*** Opening of Input ***
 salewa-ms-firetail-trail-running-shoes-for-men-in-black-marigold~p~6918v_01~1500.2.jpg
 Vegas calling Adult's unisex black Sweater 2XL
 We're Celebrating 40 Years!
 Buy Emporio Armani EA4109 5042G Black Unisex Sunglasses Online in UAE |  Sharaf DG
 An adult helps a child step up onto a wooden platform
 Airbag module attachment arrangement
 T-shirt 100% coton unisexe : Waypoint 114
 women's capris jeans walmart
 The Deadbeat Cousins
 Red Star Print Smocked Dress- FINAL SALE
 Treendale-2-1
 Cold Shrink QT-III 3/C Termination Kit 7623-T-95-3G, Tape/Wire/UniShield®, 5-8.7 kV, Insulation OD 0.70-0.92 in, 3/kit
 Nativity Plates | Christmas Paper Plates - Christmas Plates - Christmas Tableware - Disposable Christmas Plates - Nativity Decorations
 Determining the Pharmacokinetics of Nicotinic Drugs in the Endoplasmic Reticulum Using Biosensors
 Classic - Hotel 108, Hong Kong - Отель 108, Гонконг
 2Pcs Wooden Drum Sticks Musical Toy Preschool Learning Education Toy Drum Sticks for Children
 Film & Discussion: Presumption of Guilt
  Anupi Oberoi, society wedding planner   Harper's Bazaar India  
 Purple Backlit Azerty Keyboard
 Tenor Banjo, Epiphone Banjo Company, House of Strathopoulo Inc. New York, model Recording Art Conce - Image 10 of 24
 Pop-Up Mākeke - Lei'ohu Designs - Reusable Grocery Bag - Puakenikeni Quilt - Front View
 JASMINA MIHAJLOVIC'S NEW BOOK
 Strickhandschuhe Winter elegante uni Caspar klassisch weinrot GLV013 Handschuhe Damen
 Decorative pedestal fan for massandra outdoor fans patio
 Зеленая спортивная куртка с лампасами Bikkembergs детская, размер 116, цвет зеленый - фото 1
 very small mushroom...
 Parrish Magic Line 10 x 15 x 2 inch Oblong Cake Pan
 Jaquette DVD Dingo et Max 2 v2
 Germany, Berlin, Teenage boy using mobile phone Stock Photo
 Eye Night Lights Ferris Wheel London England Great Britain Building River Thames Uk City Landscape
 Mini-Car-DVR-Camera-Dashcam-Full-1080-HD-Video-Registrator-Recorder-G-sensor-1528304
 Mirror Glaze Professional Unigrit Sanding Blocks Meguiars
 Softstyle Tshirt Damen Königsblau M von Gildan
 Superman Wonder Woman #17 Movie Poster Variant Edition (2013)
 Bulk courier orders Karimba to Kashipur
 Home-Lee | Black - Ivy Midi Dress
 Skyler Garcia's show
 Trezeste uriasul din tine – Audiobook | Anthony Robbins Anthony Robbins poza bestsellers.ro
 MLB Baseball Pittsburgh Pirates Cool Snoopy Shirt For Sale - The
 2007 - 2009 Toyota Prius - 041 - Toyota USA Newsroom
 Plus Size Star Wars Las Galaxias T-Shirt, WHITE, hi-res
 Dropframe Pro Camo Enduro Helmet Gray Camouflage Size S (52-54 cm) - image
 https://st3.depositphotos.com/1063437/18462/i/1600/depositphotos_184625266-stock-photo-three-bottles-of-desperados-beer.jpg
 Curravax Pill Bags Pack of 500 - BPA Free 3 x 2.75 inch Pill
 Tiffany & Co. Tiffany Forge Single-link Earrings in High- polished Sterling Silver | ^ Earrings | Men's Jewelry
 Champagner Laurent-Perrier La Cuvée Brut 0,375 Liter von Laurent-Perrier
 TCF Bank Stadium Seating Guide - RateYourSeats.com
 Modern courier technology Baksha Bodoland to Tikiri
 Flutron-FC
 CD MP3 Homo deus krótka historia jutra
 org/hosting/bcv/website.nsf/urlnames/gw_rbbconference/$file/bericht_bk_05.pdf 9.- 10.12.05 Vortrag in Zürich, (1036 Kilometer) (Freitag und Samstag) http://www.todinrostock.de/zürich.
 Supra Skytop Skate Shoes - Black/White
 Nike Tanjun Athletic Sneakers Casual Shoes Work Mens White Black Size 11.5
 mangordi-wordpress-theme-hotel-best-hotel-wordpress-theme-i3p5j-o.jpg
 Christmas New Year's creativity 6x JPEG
*** Close of Input ***
#### What you are asked to do
Print only the lines from the one with "und Samstag) http://www.todinrostock.de/zürich." to the end of the records, both included.

#### Solved exercise
 org/hosting/bcv/website.nsf/urlnames/gw_rbbconference/$file/bericht_bk_05.pdf 9.- 10.12.05 Vortrag in Zürich, (1036 Kilometer) (Freitag und Samstag) http://www.todinrostock.de/zürich.
 Supra Skytop Skate Shoes - Black/White
 Nike Tanjun Athletic Sneakers Casual Shoes Work Mens White Black Size 11.5
 mangordi-wordpress-theme-hotel-best-hotel-wordpress-theme-i3p5j-o.jpg
 Christmas New Year's creativity 6x JPEG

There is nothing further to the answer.